GARUT – Barisan Kepemudaan Republik Indonesia (OKP BK-RI) secara resmi meminta Aparat Penegak Hukum (APH) untuk segera turun tangan melakukan investigasi mendalam terhadap kinerja PT PLN (Persero) Unit Pelaksana Pelayanan Pelanggan (UP3) Garut, khususnya Unit Layanan Pelanggan (ULP) Leles.
Desakan ini muncul setelah adanya dugaan pembiaran dan kelalaian prosedural yang berlarut-larut terkait keluhan masyarakat mengenai keberadaan gardu listrik di halaman rumah warga yang mengancam keselamatan dan kenyamanan selama belasan tahun.
5 Tahun Sengketa dan “Dinding” Rp72 Juta

Ketua OKP BK-RI DPD Provinsi Jawa Barat Rudy UGT, menyoroti ketidakadilan yang dialami oleh Risma Rismayanti, warga Jl. Rancasalak, Garut. Selama 5 (Lima) tahun, ia harus hidup dalam bayang-bayang gardu listrik yang berdiri di lahan pribadinya tanpa solusi konkret dari pihak PLN.
Ironisnya, permintaan pemindahan gardu tersebut sebelumnya sempat diwarnai isu biaya fantastis senilai Rp72 juta, sebuah angka yang dinilai tidak masuk akal bagi masyarakat kecil. Hal ini memicu dugaan adanya upaya menghambat hak konsumen melalui komersialisasi prosedur teknis.

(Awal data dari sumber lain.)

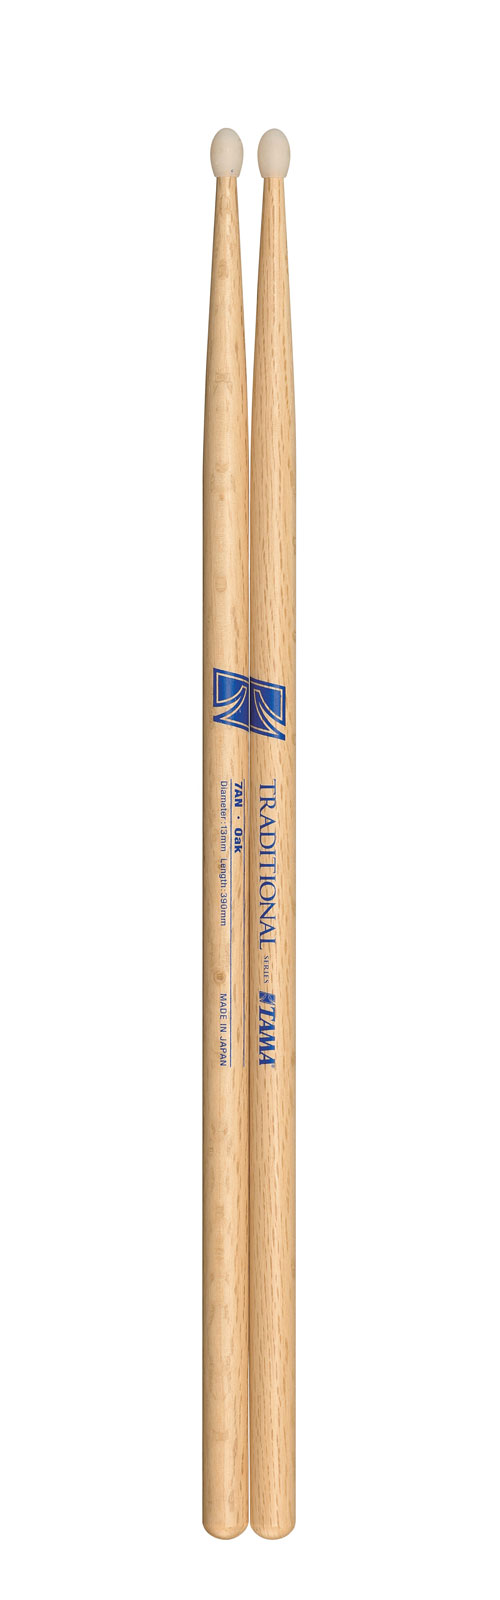 TAMA 7AN - TRADITIONAL SERIES - DRUMSTICK JAPANESE OAK - 13MM - SMALL TIP NYLON

Janji Kosong Pasca Transaksi: Di Mana Tanggung Jawab PLN?
Setelah kasus ini viral melalui kanal www.bkrinews.or.id dan Channel YouTube Konten 88, barulah pihak PLN memberikan respons administratif. Pada tanggal 1 Desember 2025, telah tercapai kesepakatan dengan rincian biaya resmi (PFK dan PPN) sebesar Rp5.194.313, yang telah dilunasi oleh pemohon dengan Nomor Register: 5329332002378.
Namun, hingga saat ini, meski transaksi telah dinyatakan berhasil dan sah secara hukum, pihak PLN Unit Leles belum juga melakukan tindakan fisik penggeseran gardu.
”Uang sudah diterima, administrasi sudah selesai, tapi gardu tetap berdiri di sana. Ini bukan lagi soal teknis, tapi soal integritas pelayanan publik. Kami menduga ada unsur kesengajaan atau kelalaian yang terstruktur,” tegas Ketua OKP BK-RI dalam keterangannya.
Desakan Penyelidikan dan Penyidikan
OKP BK-RI menilai tindakan PLN ini telah melanggar asas kepatutan dan hak-hak konsumen sebagaimana diatur dalam UU No. 8 Tahun 1999 tentang Perlindungan Konsumen serta regulasi mengenai Standar Pelayanan Minimal (SPM) di sektor kelistrikan.
Poin-poin tuntutan BK-RI kepada APH:
- Investigasi Aliran Dana: Meminta APH memeriksa prosedur penetapan biaya awal Rp72 juta yang sempat muncul.
- Audit Kinerja: Mengusut alasan keterlambatan eksekusi lapangan pasca pembayaran resmi pada 1 Desember 2025.
- Sanksi Tegas: Jika ditemukan unsur pidana berupa kelalaian yang membahayakan nyawa orang lain (mengingat gardu berada di area hunian), maka harus ditingkatkan ke tahap penyidikan.
Ancaman Keamanan Penduduk
Keberadaan gardu listrik yang tidak sesuai standar penempatan pada lahan warga bukan hanya masalah estetika, melainkan ancaman keselamatan jiwa. OKP BK-RI menyatakan akan terus mengawal kasus ini hingga Gardu tersebut benar-benar digeser, demi tegaknya keadilan bagi masyarakat kecil yang selama ini “dipinggirkan” oleh birokrasi korporasi plat merah.